With all his shakedown money, you'd think this guy would have bought himself a Tivo and recorded The Sopranos and The Wire. Even the most insipid criminal knows you don't discuss that kind of business over the phone. Come on Blaggy. Get yourself some "burners" (disposable cell phones) so the man can't trace you, or have your underlings do all the talking and then report back to you, naked, in the middle of nowhere. Sure, you'll have to convince them about the naked part, but how else will you know if they're wearing a wire?
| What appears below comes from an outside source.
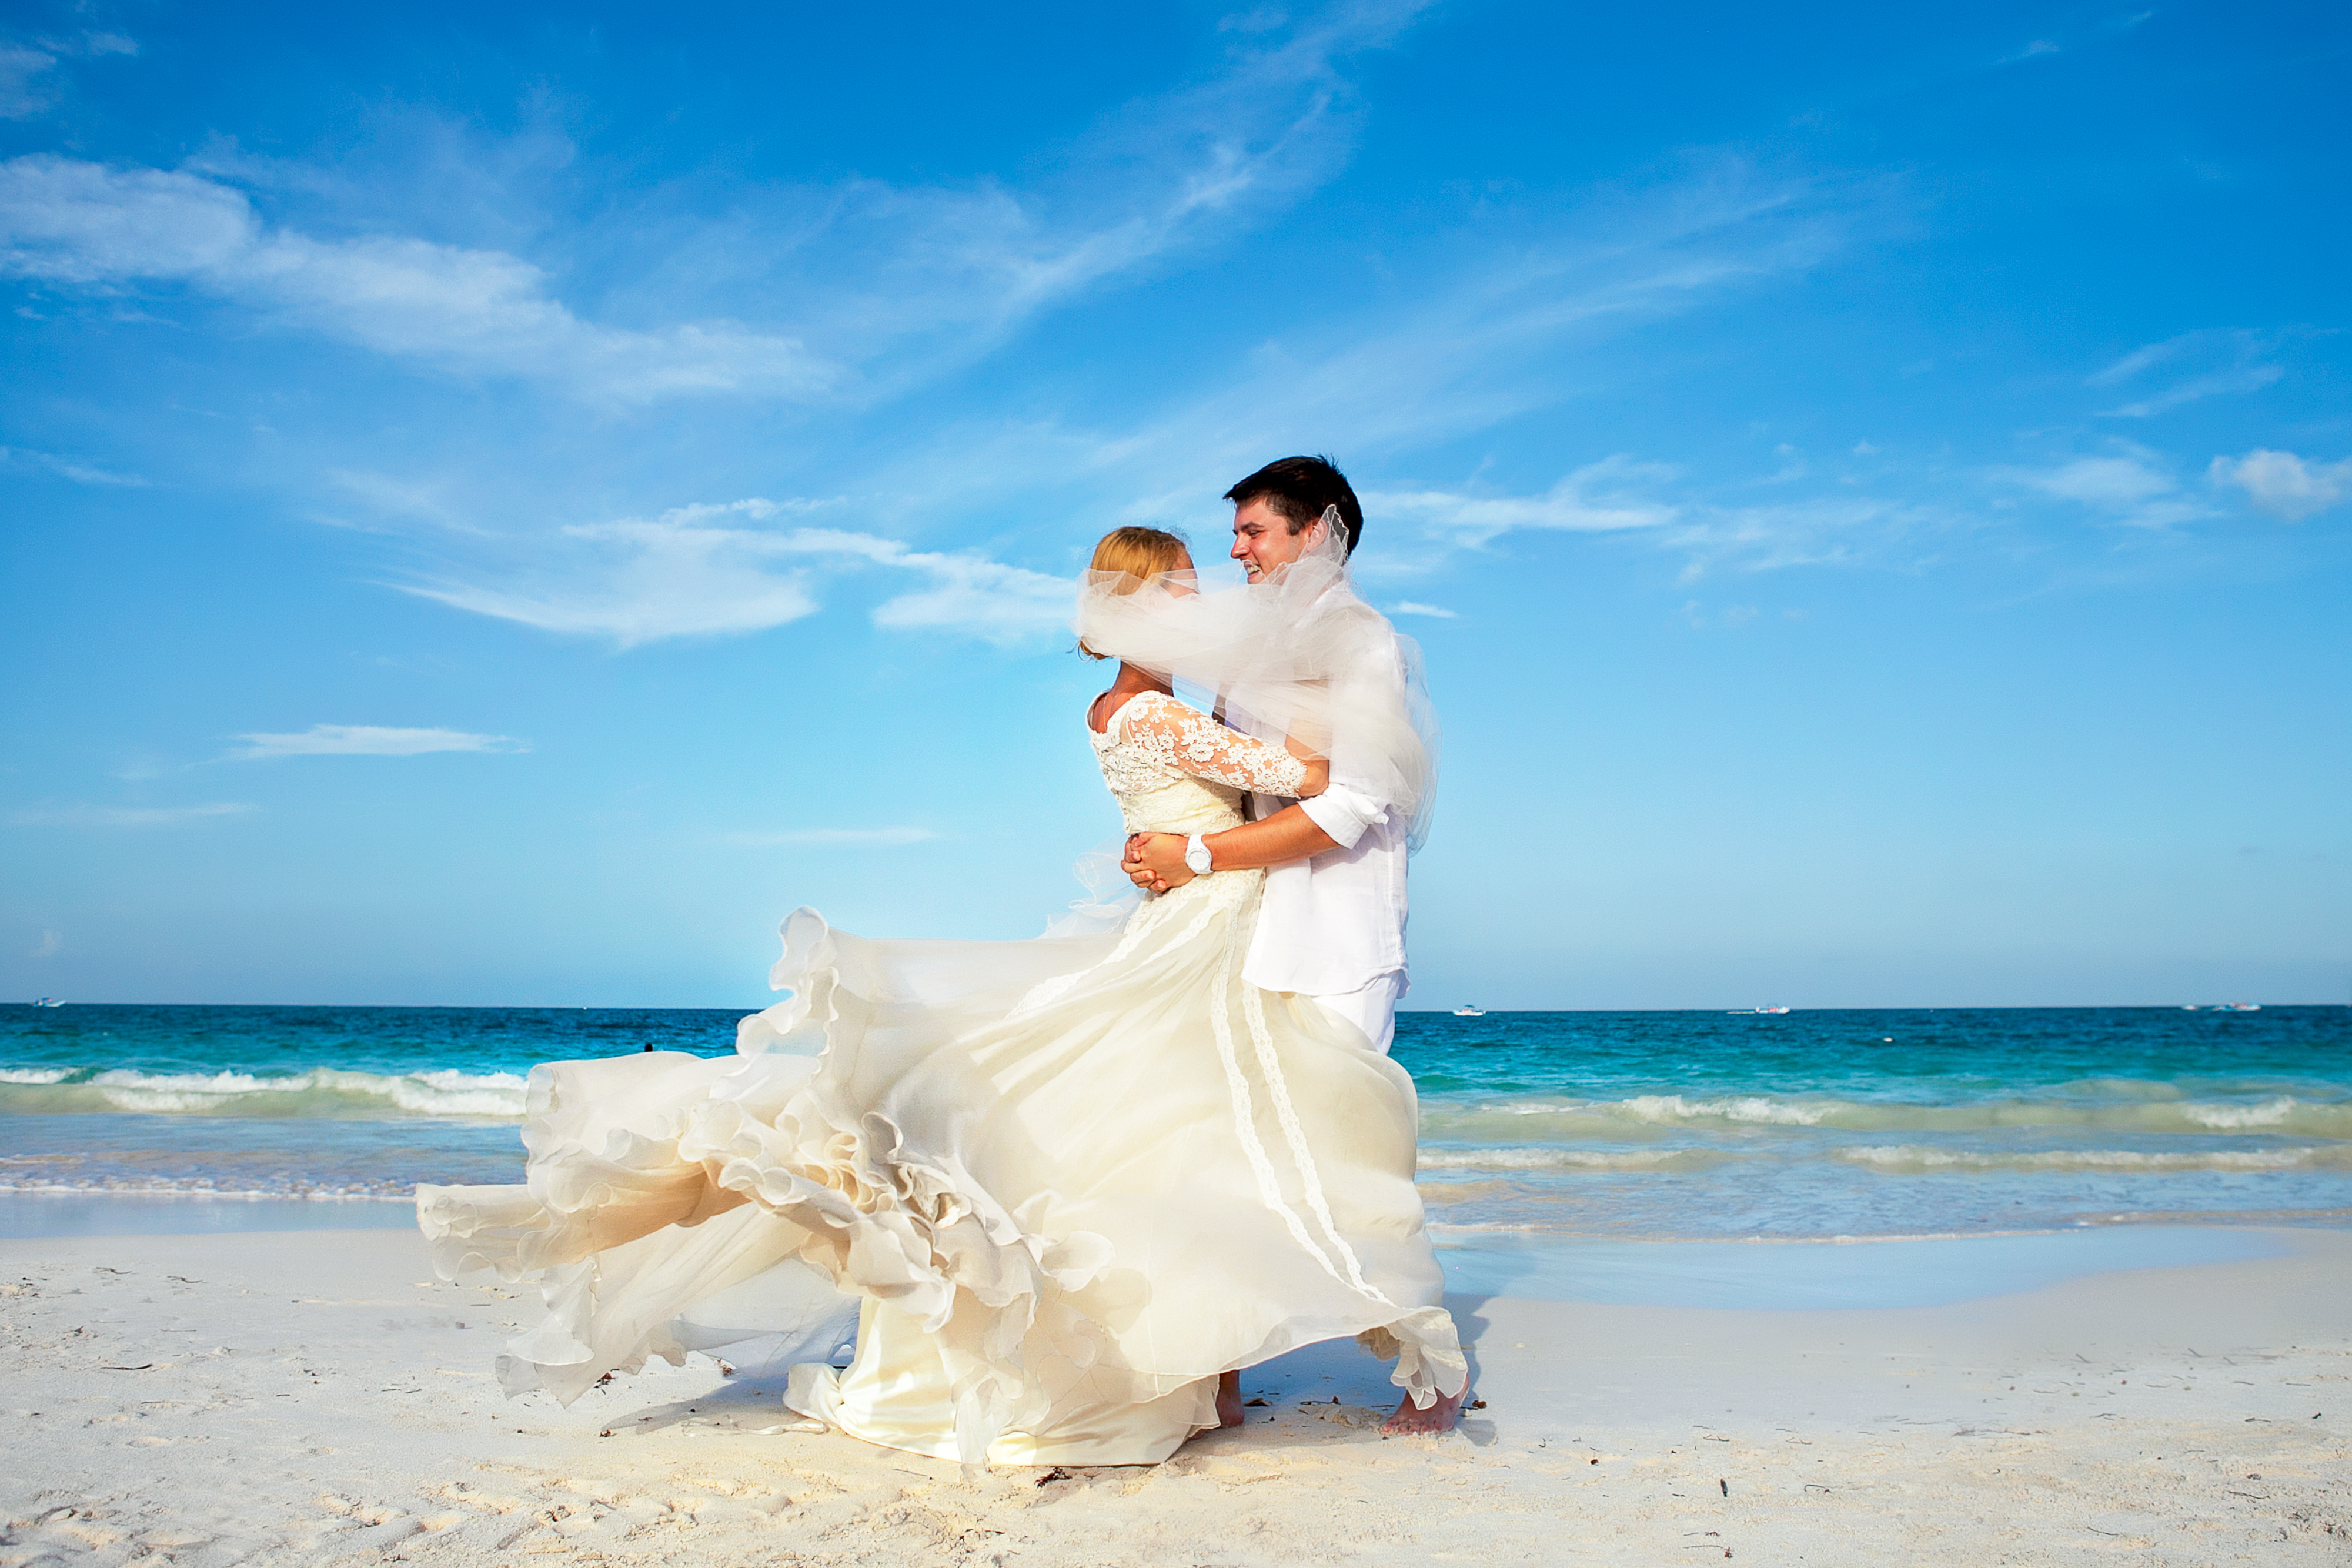 Naal Wedding Photography - Naal Wedding Photography

The Feds are a dedicated bunch, so you have to stay a few steps ahead of them. I know that's a hassle though. That explains the arrogance and stupidity he displayed by continuing to carry on what US Attorney Pat Fitzgerald called "a political criminal crime spree." A crime spree? I thought those went out with Bonnie and Clyde. Come to think of it, they all did some serious robbing, so the analogy fits. Who keeps breaking the law when they know "the man" is watching? You either have to have balls so big that a wheelbarrow couldn't haul them around, or be a little touched in the head. I'm going to vote for plain old stupid.
The story will continue to unfold, so I'm sure this isn't the last you'll hear from me on the subject.
I don't know if I'll get a chance to write tomorrow. I'm going to see Spike O'Dell's last broadcast on WGN. He's retiring after a great career on his own terms, which in the current climate of radio is a double dose of success. After that it's the station "Holiday Party". Despite my reservations, "Wife" has urged me to attend, and it's usually best if I listen to her. I'll give you the details next week. I won't be doing my show Friday night, (long story) but will be back with four hours of "Radio Irreverence" Saturday Night/Sunday morning from 1-5 on WGN Overnight. We'll be discussing the Blago debacle, testing your knowledge on the Overnight Arcade, and welcoming the band This is Me Smiling for some in-studio jams. (I think that's what the kids call it) That and as always, me regaling you with my my sordid tales. I hope you can join me. Later...Brian
1 Comments:
You put a lot of Chutzpah in your blogs!! I find them.....as Henry Gibson would say.....'Very Interesting'. Keep On Blogging!!